Forgiveness is the focus of the feature film TIGER WITHIN.

Margot Josefsohn stars as Casey, a tearaway teenager travelling from the high low Ohio home of her mother’s, an abode she shares with a boyfriend who is continually on Casey’s case, to Los Angeles where her father has relocated with a new family.

A frosty reunion from her father’s new wife and children sees Casey end up on the street and to make ends meet she finds work in a massage parlour. A chance encounter with an old man, Samuel, in a cemetery spooks her at first but a friendship is cemented and he becomes her surrogate guardian.

He encourages her to return to school and a reconciliation with both parents.

When a street kid spray paints a swastika on her jacket it is he who has to educate her about the offensive insignia. She is clueless about its significance and he, as a Holocaust survivor, enlightens her to its racial and cultural vilification.

In one of his last screen roles, Ed Asner plays Samuel superbly, downplaying the crusty, curmudgeonly character while not making him saccharine. It’s a performance that promotes the struggles and frustrations of trying to find forgiveness, of finding the tiger within.

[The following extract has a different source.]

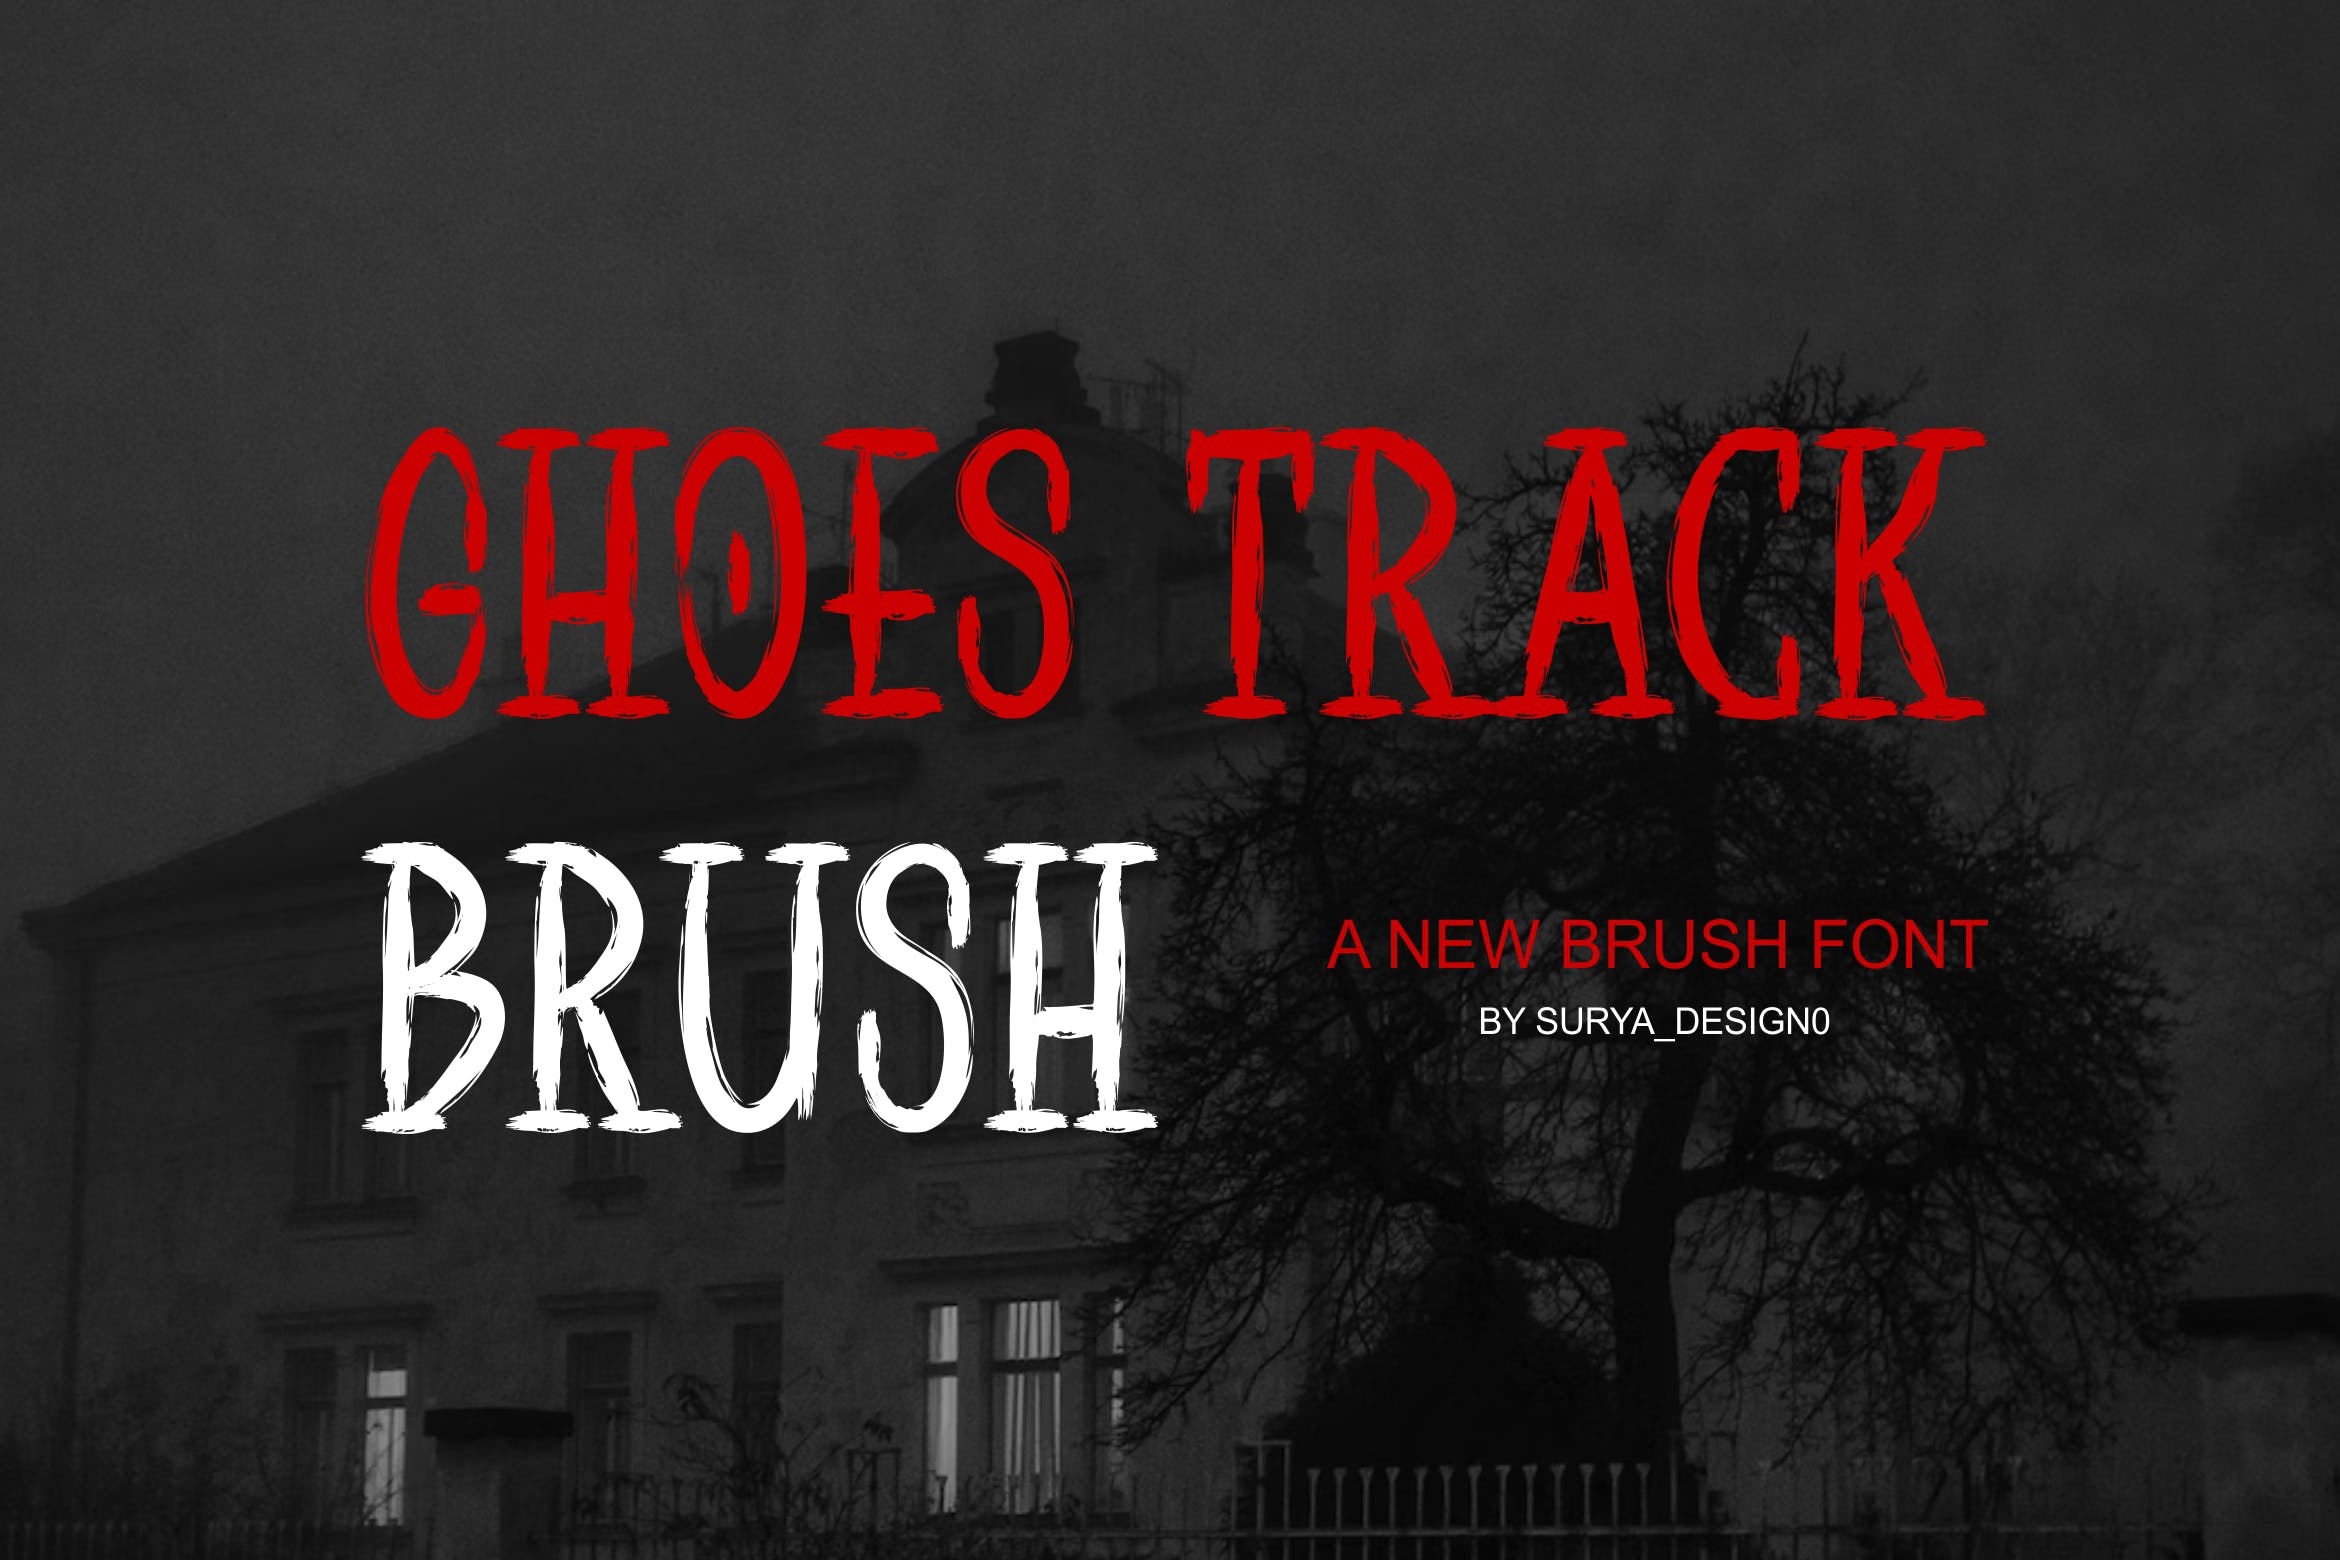 Beispiel einer Ghoes Track Brush-Schriftart

There’s an easy chemistry between Asner and Josefsohn and some fine supporting work from Erica Piccininni as Casey’s mum.

Directed by Rafal Zielinski and written by Gina Wendkos, TIGER WITHIN is a life affirming film of modest proportion but boastful in its message of hope and education.

2022 Jewish International Film Festival Screening Dates

March 3- April 4 At Randwick Ritz, March 3-23 at Roseville Cinema.